Operators can gain actionable insight into downhole operations, utilizing an innovative, non-intrusive monitoring system.
MIKE KENYON, Packers Plus Energy Services
Closely watching pressure and pump charts to monitor downhole operations is a timeless tradition. These charts are one of the most effective tools that sit at the intersection of efficiency and cost. When uncertainty arises, however, the precise nature of an issue cannot always be found in a pressure or pump chart, and hours or days can often be wasted on trial-and-error methods to solve operational problems. Additional operational or downhole data can be gathered, using microseismic, tracers or cameras; but not all of these can be used concurrently with standard operations. Furthermore, they are generally too costly or time-consuming to use on every well.
ePLUS Retina technology. However, there is technology available that allows operators to acquire these data at a minimal cost. Packers Plus developed the ePLUS Retina monitoring system as a cost-effective method to verify downhole events and completion system operations, independently from other measurements, Fig. 1. Using Retina, operators can troubleshoot quickly and effectively with accurate information.
The monitoring system is an innovative technology that uses a proprietary array of sensors to collect and analyze signals from multiple locations on the well site.
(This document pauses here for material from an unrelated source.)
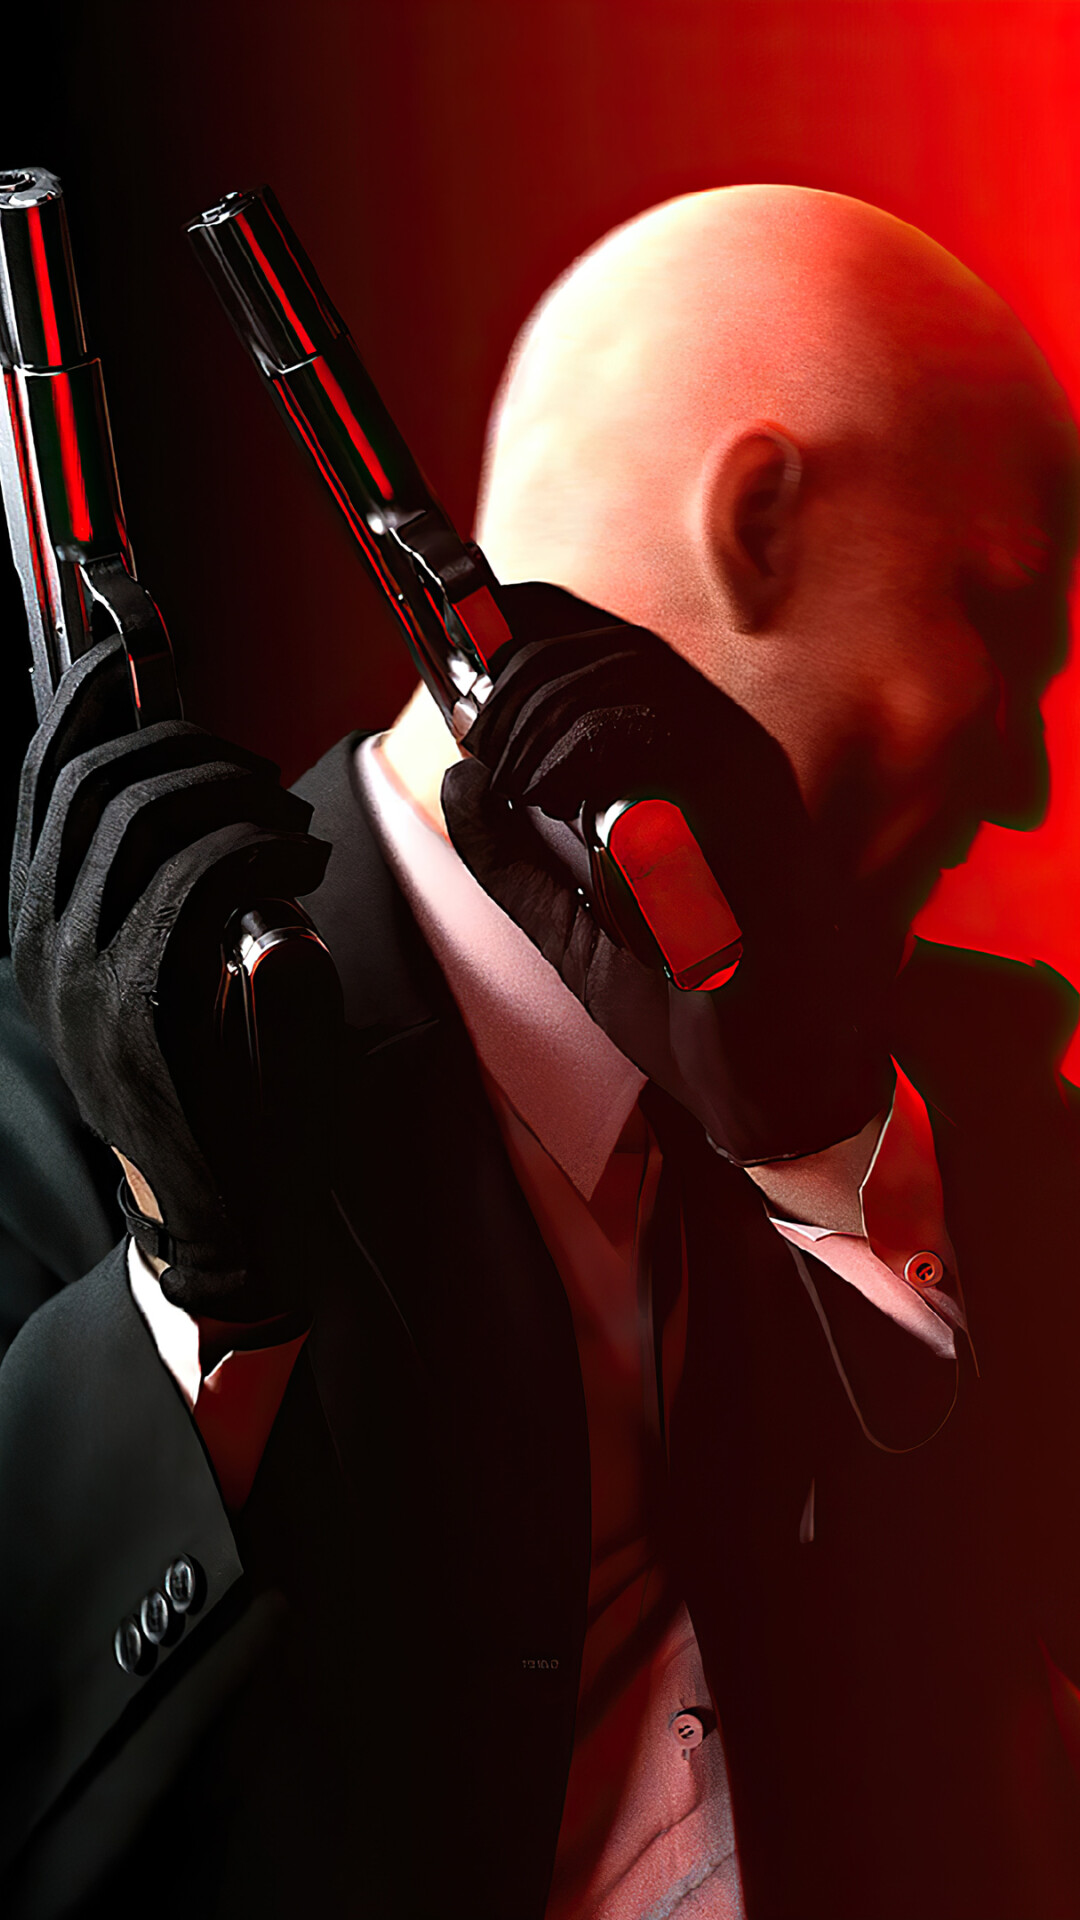 Hitman (Game): Known as 47, Featured in all games of the series, as well as various spin-off media, including two theatrically released films. 1080x1920 Full HD Background.

This portable system operates independently from conventional measurement equipment, without interfering in concurrent surface or downhole operations. The Retina user interface combines real-time measurements from two different types of sensors: acoustic and pressure. A sampling rate of 10,000 data points per second offers more detail and accuracy than standard data van readings, providing operators with real-time confirmation and confidence in making key decisions. A better understanding of downhole operations can improve a wide range of operations, saving valuable time and resources on site.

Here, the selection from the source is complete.